Choose a tag to compare

[0.6.0] - 2026-05-21

Release

  • Promotion from 0.6.0rc18 to 0.6.0 stable. Closes the rc cycle
    that ran from 0.6.0rc1 (2026-04-21, the simplification arc →
    two-product split) through 0.6.0rc18 (2026-05-18, the layered
    stored-injection defense). 0.6.0 is rc18 plus several
    upgrade/downgrade-correctness fixes surfaced 2026-05-21 while
    exercising the pre-promote Layer-3 web test for the first time
    (see the Fixes section below).

Fixes

  • mnemon upgrade web now forwards MNEMON_S3_PREFIX and
    MNEMON_VAULT_NAME to the Fly container
    as secrets, so a
    non-default operator override propagates to the container's
    mnemon sync pull seed step. Previously the Fly side fell back
    to sync.S3_PREFIX_DEFAULT (mnemon/vaults) regardless of what
    the operator set locally — which broke the runbook's
    "test against an isolated S3 prefix" ritual. Not user-affecting
    for normal prod redeploys (both sides default identically); only
    affects ad-hoc test deploys where the operator overrides the
    prefix. Surfaced + fixed during the 0.6.0 Layer-3 attempt; 4
    regression tests cover the forwarding contract.

  • mnemon downgrade local now dumps the current Fly vault to S3
    before pulling.
    Previously, downgrade did S3 → local only and
    silently skipped the Fly → S3 step, so any memory added via
    remote between upgrade time and downgrade time was lost — the
    local vault was seeded from a stale S3 snapshot. For ad-hoc
    testing this manifested as "docs added post-upgrade missing
    after downgrade." For prod operators it would have been a quiet,
    severe data-loss bug: weeks of remote-added memories vanishing
    on the first mnemon downgrade local call. Now SSHes into the
    Fly machine and runs mnemon sync push before the local
    mnemon sync pull — mirror of upgrade._fly_seed_vault in the
    opposite direction. New --skip-fly-push flag as an operator
    escape hatch (e.g., when the Fly machine is unreachable);
    default behavior is to fail-loud if the dump SSH errors out,
    rather than silently fall through to the stale-pull data loss.
    5 regression tests cover the call order (fly_dump → s3_pull),
    the override flag, the fail-loud on SSH error, the
    custom-domain skip, and the SSH command shape.
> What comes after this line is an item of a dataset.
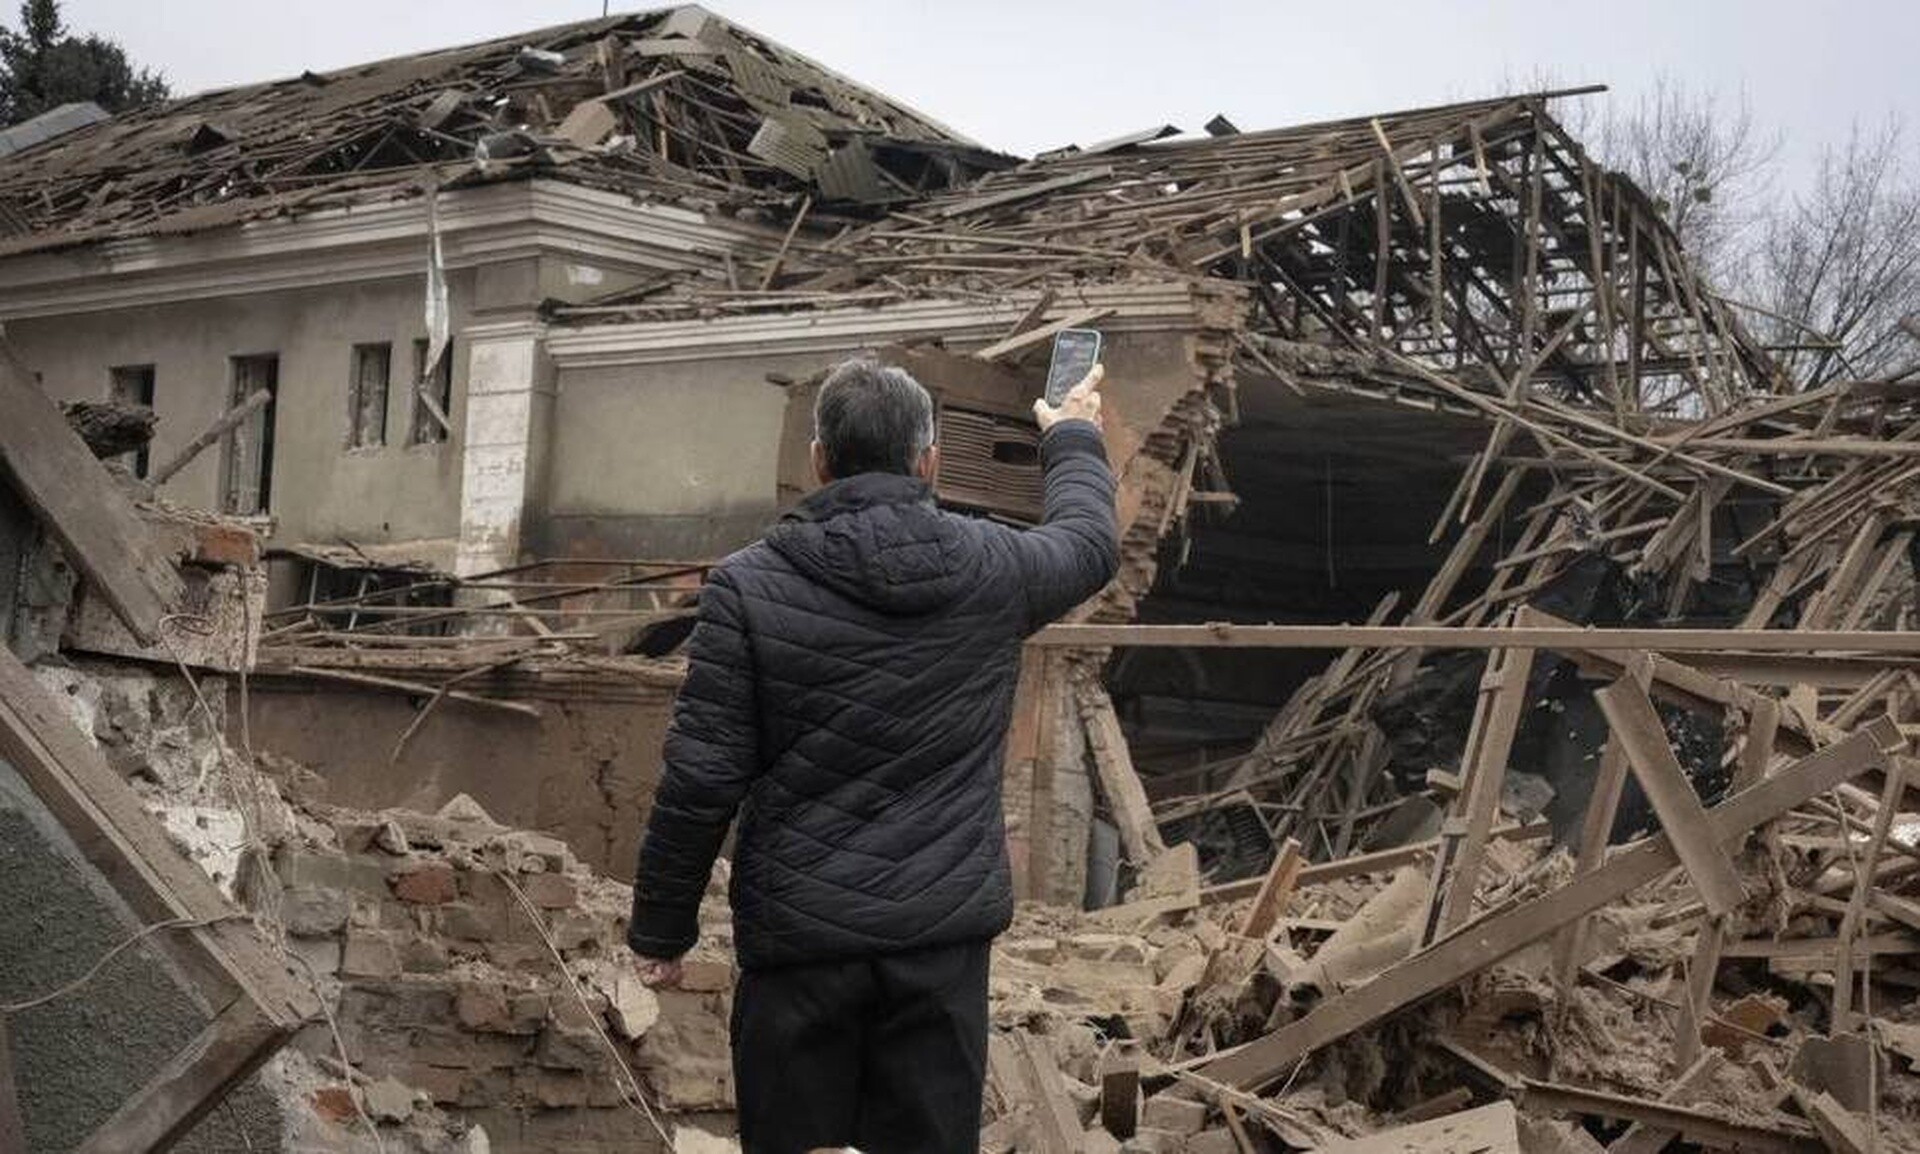 Ουκρανία: Σχολείο υπέστη ζημιές από ρωσική πυραυλική επίθεση στο Ντνίπρο

  • mnemon sync push now uses SQLite's online-backup API as the
    canonical cross-host transfer primitive
    (replaces an earlier
    WAL-checkpoint approach that was wrong cross-process). Raw
    aws s3 cp default.sqlite uploads only the main sqlite file's
    bytes — for short-lived CLI processes that's fine because SQLite
    auto-checkpoints WAL on connection close, but for long-running
    mnemon serve-remote the WAL accumulates indefinitely (default
    auto-checkpoint at 1000 pages). The natural-seeming fix —
    PRAGMA wal_checkpoint(TRUNCATE) from a transient connection — is
    silently broken when another process holds the connection open:
    it returns (busy=0, total=0, checkpointed=0), reports success,
    flushes zero frames. Verified against a long-lived holder + 3
    commits: PRAGMA reported success, main file stayed at 8KB (just
    schema), no frames moved; Connection.backup() from the same
    position captured all 3 rows. push() now snapshots via the
    online-backup API to a transient .sqlite.snapshot file beside
    the source, aws s3 cp's the snapshot, then removes it. The
    online-backup API uses SQLite's WAL-aware backup protocol and
    produces a consistent atomic snapshot even with concurrent
    writers. Vec store (default.vec.npz) is a binary numpy file with
    no SQLite semantics — uploaded directly. 6 regression tests
    cover the snapshot helper, the cross-process write capture, the
    source-is-read-only contract, the error-string contract for
    invalid sources, the snapshot-before-cp call order, the transient
    cleanup, and the vec.npz direct-upload path.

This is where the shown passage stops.